As a result, solutions must accept the conditions \(m=-r-1\) (provided that \(m(r)\ne 0\)), \(r=0\) or \(x_{1}=0\) and \(n=s-1\) or \(s=0\). The condition \(r=x_{3}/x_{2}=0\) leads to \(x_{3}=0\) and the condition \(s=x_{5}/2x_{4}=0\) gives \(x_{5}=0\). This fact restricts the value of \(x_{5}\) to null, and with this choice the location of point \(\mathsf{P}_{4}\) in the phase space will be completely determined. Moreover, \(\mathsf{P}_{2}\) and \(\mathsf{P}_{4}\) must have \(x_{5}=0\) in order to completely represent a dominant de Sitter phase. Therefore, one of the novel features developed by violation of EMT conservation is the appearance of a new de Sitter solution (\(\mathsf{P}_{4}\)) as compared to the case of pure \(f(\mathsf{R})\) gravity, for which the properties depend upon the matter sector of the Lagrangian.⁷ Another interesting result is that a DE fixed point (\(\mathsf{P}_{6}\)) solution is obtained within this framework. This point indicates a dominant DE solution with an effective equation of state which depends on both the geometrical and the matter part of the Lagrangian via the parameters m and n. Let us now proceed with exploring the stability properties of the fixed points \(\mathsf{P}_{2}\), \(\mathsf{P}_{4}\), \(\mathsf{P}_{6}\) and \(\mathsf{P}_{8}\).
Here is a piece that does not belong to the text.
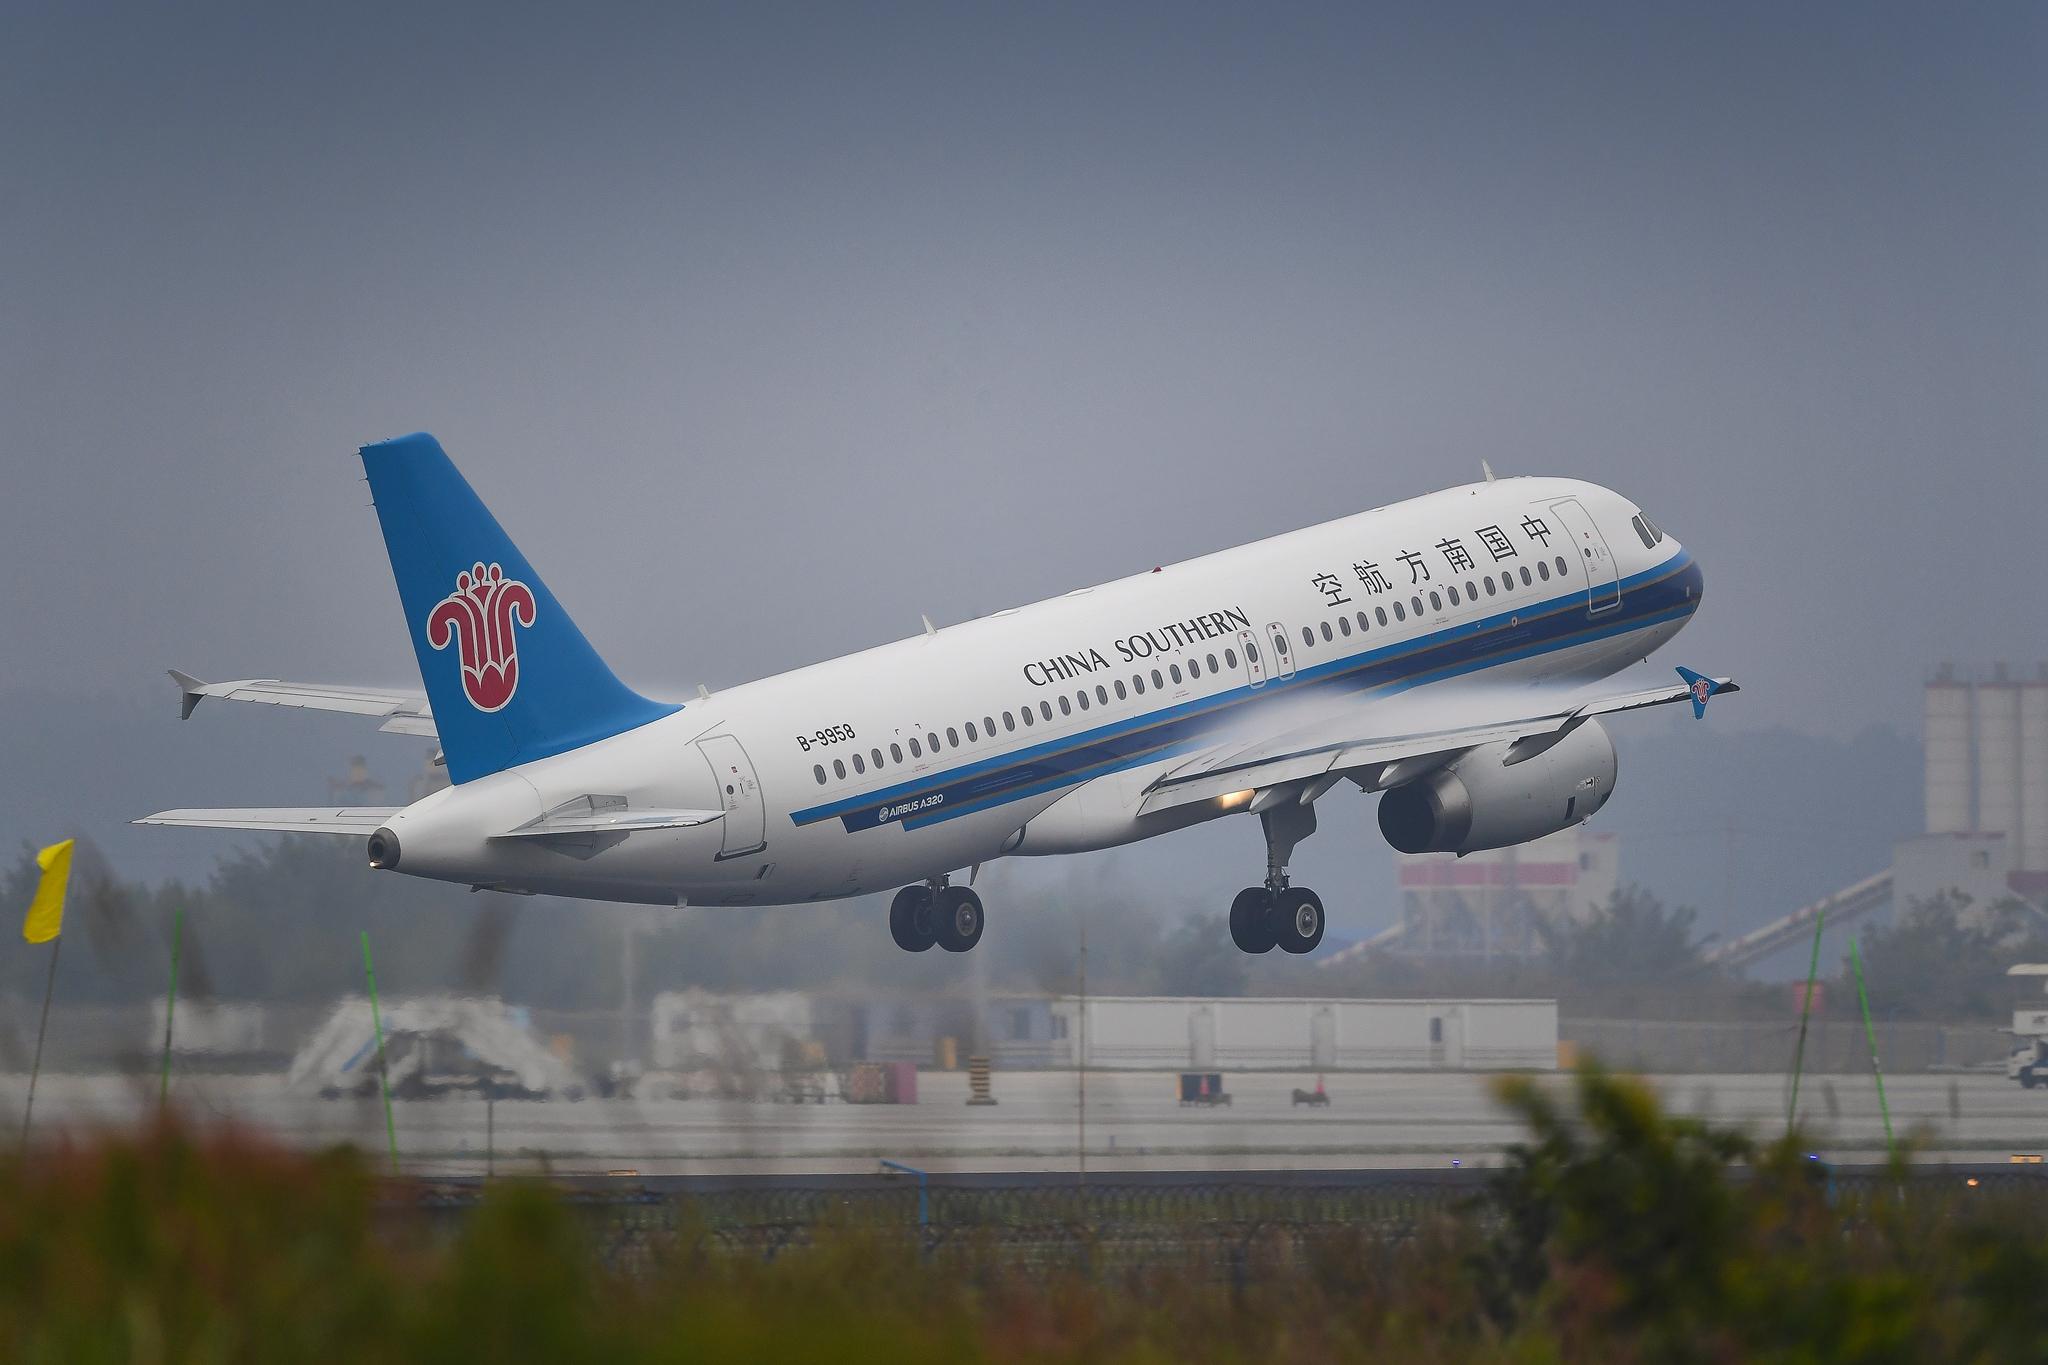 Re:[原创]【KMG】风雨潇潇 有你就好 AIRBUS A320-200 B-9958 中国昆明长水国际机场

• The equilibrium points \(\mathsf{P}_{2}\) and \(\mathsf{P}_{4}\).

  These two points have the same eigenvalues given as

  $$\begin{aligned}&-\frac{5}{2},\quad -3 ,\quad -\frac{6 n}{2 n+1},\quad -\frac{1}{2} \left( 3+\sqrt{25-\frac{16}{m}}\right) ,\nonumber \\ {}&\quad -\frac{1}{2} \left( 3-\sqrt{25-\frac{16}{m}}\right) . \end{aligned}$$

  (55)

  Therefore, these points are representative of stable equilibrium points if the m and n parameters satisfy the following intervals⁸:

  $$\begin{aligned} 0< m<1, \quad \text{ with }\quad n<-\frac{1}{2} \quad \text{ or }\quad n>0. \end{aligned}$$

  (56)

  The stability region for these solutions is presented in gray color in the right panel of Fig. 1. It is seen that, for every curve lying within the gray region, \(\mathsf{P}_{2}\) or \(\mathsf{P}_{4}\) will represent a late-time solution.

• The equilibrium Point \(\mathsf{P}_{6}\).

  The eigenvalues for this equilibrium point are obtained:

  $$\begin{aligned}&\frac{6 n}{2 n+3},\quad i(m,n),\quad j(m,n),\quad \frac{6 (n+1) \left( m'+1\right) }{2 n+3},\nonumber \\ {}&\quad -\frac{6 (n+1) \left( n'-1\right) }{2 n+3}, \end{aligned}$$

  (57)

  where

  $$\begin{aligned} i(m,n)&=-\frac{3 \sqrt{m} (m+n+2)+k(m,n)}{2 \sqrt{m} (m+1) (2 n+3)},\nonumber \\ j(m,n)&=\frac{-3 \sqrt{m} (m+n+2)+k(m,n)}{2 \sqrt{m} (m+1) (2 n+3)},\nonumber \\ k(m,n)&=\left[ m^3 (16 n+21)^2+2 m^2 (5 n+6) (16 n+33)\right. \nonumber \\&\quad \left. -\,m (n (31 n+60)+36)-8 (n+3) (2 n+3)\right] ^{1/2}, \end{aligned}$$

  (58)

  where \(m'\equiv \mathrm{d}m(r)/\mathrm{d}r\) and \(n'\equiv \mathrm{d}n(s)/ds\) must be calculated at the desired fixed point. There are two classes of solutions in which the fixed point \(\mathsf{P}_{6}\) is a stable point. The first class corresponds to those for which \(\mathsf{P}_{6}\) is a stable node and those for which \(\mathsf{P}_{6}\) is a spiral source. We have plotted the stability region for this point in the left panel of Fig. 1.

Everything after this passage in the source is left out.